# Los Alamos Authentication Classification

The following solution is a meta analysis of classifiers available in __[`scikit-learn`](http://scikit-learn.org/stable/index.html)__ partially based on the following examples:
 - http://scikit-learn.org/stable/auto_examples/classification/plot_classifier_comparison.html#sphx-glr-auto-examples-classification-plot-classifier-comparison-py
 - http://scikit-learn.org/stable/auto_examples/model_selection/plot_randomized_search.html#sphx-glr-auto-examples-model-selection-plot-randomized-search-py
***
To avoid memory limitations within Python, native commands are used via the `subprocess.Popen` class to download and decompress the archived auth.txt.gz file if necessary and find the population size and probability of successful authentication for sampling.  Through manual examination of the dataset the high success rate of authentication became apparent so with prior knowledge of the statistically correct technique to determine sample size (formula __[here](https://www.surveysystem.com/sample-size-formula.htm)__) given a confidence level and interval a relatively small number of elements was needed.  The original number of records exceed one billion but given the `p * (1 - p)` terms in the formula the samples required for a 99.5% confidence level with a $\pm$0.5% interval are 3202 elements, only about 0.0003% of the total data and much more practical to train the classifiers with.

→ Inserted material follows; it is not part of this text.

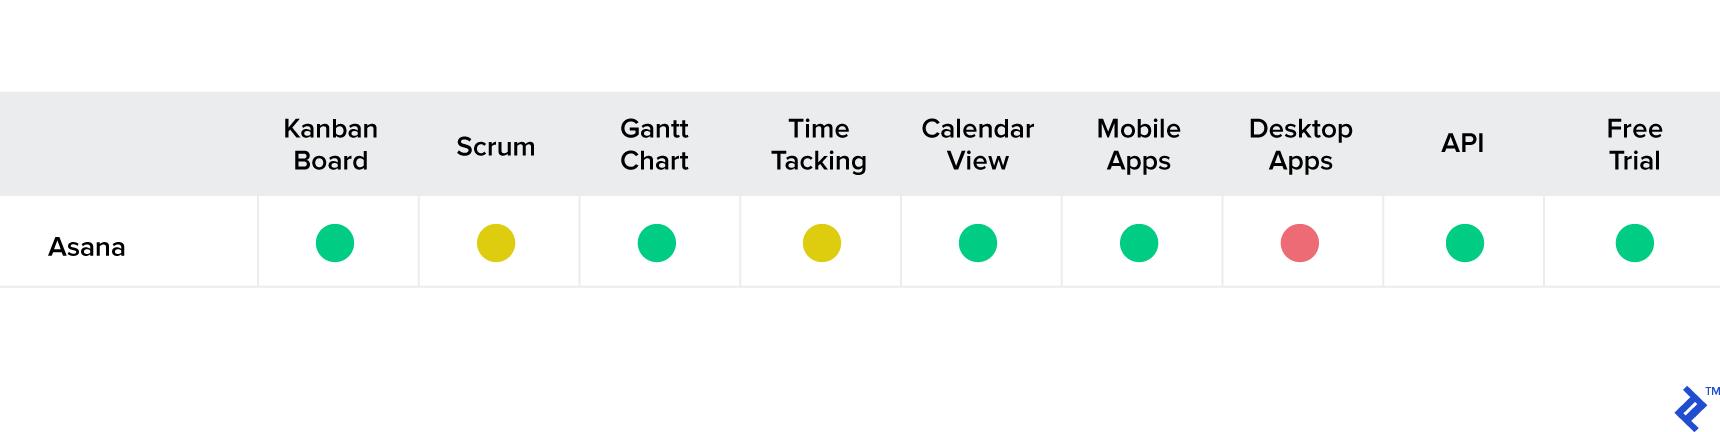 Asana feature set for project management.

Given the scope of hyperparameters for most of the classifiers an exhaustive grid search was not within reason so a randomized search over predefined ranges of paramters was chosen for training and validation.  Through development of this notebook two of the classifiers, `SCV` and `GaussianProcessClassifier`, were significantly more resource intensive without being more accurate so their options are commented out and the results not included in the analysis.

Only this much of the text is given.